The library was quieter than usual, as most disciples were either at evening meditation or nursing their wounds from afternoon sparring. Perfect for what I needed to do. I spread my notebooks across the reading table, pushing aside half-read manuals to make space for fresh analysis.
My hand was still moving across the page, sketching the exact position of Lu Ming's stance during that final technique.
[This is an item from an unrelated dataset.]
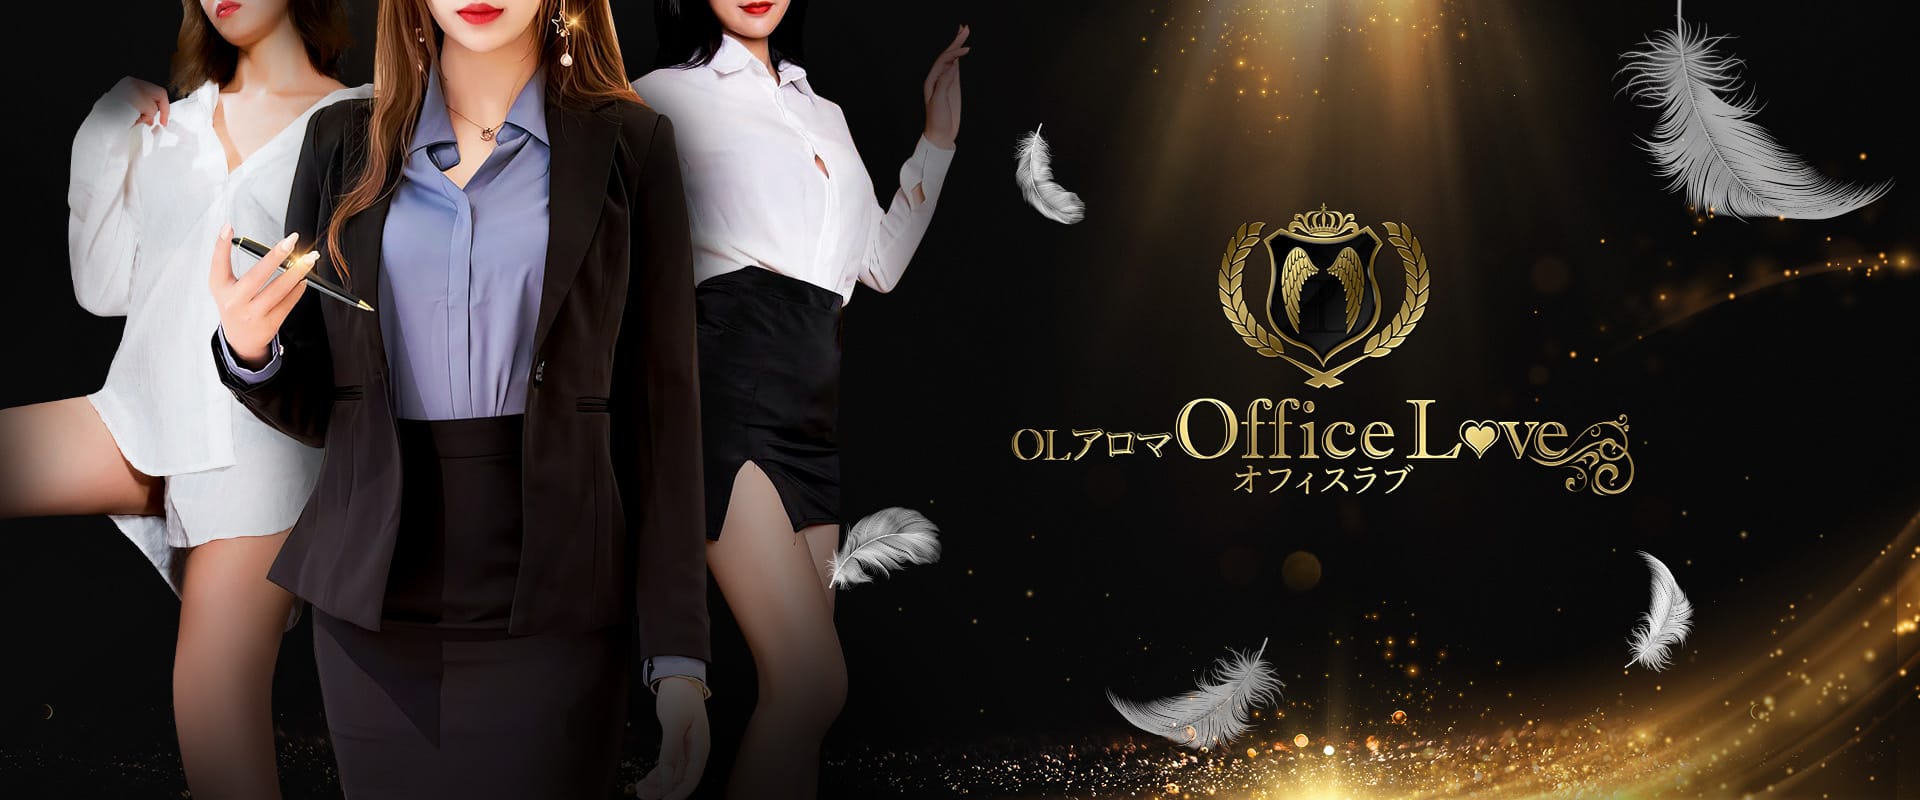 「〜１st ANNIVERSARY〜」04/11(木) 19:54 | OLアロマ Office Love-オフィスラブ-のお得なニュース

The angle of his feet, the distribution of weight, the positioning of his palms. Every detail mattered when trying to reverse-engineer something I'd only seen once. The image was burned into my memory with perfect clarity: that impossibly low stance, the sudden disappearance from point A to point B, the devastating double palm strike that had sent Liu Wei flying.
Coiling Dragon Strike. The name suggested spiraling force, rotational energy channeled through a linear attack. But where had it come from?
I started with the sect's martial technique catalog, a massive tome that supposedly documented every physical cultivation method in the library's collection. My finger traced down the index, looking for anything with "dragon" or "coiling" in the name. Dragon Claw Fist. Dragon Ascends the Heavens. Dragon's Tail Sweep. Nothing about a Coiling Dragon Strike.
Maybe it was filed under a different category. I checked striking techniques, palm methods, close-range combat forms. Nothing. I even checked the restricted section's index, the techniques that required elder permission to access. Still nothing.
The technique didn't exist in the sect's archives.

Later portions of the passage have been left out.